Information Retrieval and NLP

Master of Science in Data Science and Artificial Intelligence 

Winter Semester 2024/2025

Information retrieval focuses on accessing and extracting information from various document collections. This course explores key concepts and methods in information retrieval, with an emphasis on practical applications in web-based environments.

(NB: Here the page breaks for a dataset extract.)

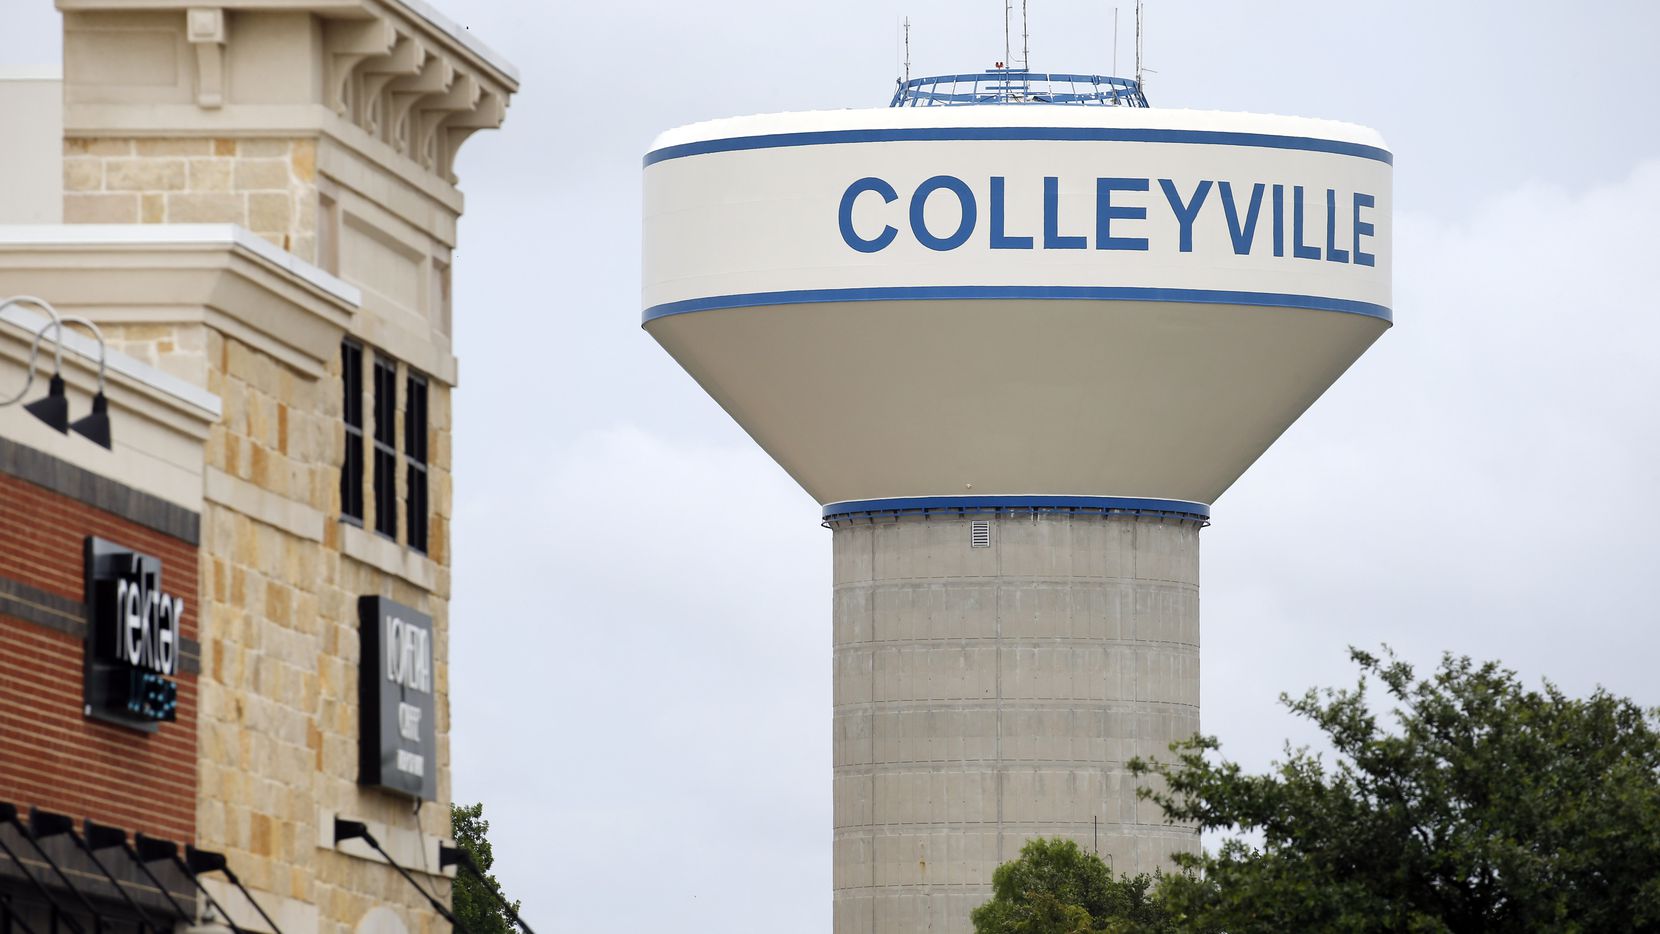 A Colleyville water tower is pictured near a shopping center in Colleyville, Texas, Tuesday, June 23, 2020. (Tom Fox/The Dallas Morning News)

Given that text-based information retrieval often relies on natural language processing (NLP), the course also covers essential NLP techniques. Students will gain hands-on experience by building NLP pipelines and developing custom-trained machine learning models for real-world information retrieval tasks

Learning Outcomes

  • Information Retrieval system architectures
  • Implementing NLP pipelines
  • Implementing recommender systems

Topics

  1.  Introduction. Boolean retrieval model.
  2.  The terms vocabulary.
  3.  Term weighting (tf-idf), the vector space model.
  4. Computing scores in a complete search system.
  5. Evaluation in Information Retrieval.
  6. NLP pipelines.
  7.  Generating NLP training corpora.
  8. Matrix decomposition and latent semantic indexing.
  9. Recommender systems.
  10. Creating users profiles from click behaviour data.

References

Schütze, H., Manning, C. D., & Raghavan, P. (2008). Introduction to information retrieval (Vol. 39, pp. 234-265). Cambridge: Cambridge University Press.

Hoxha, K., & Baxhaku, A. (2018). An Automatically Generated Annotated Corpus for Albanian Named Entity Recognition. CYBERNETICS AND INFORMATION TECHNOLOGIES18(1).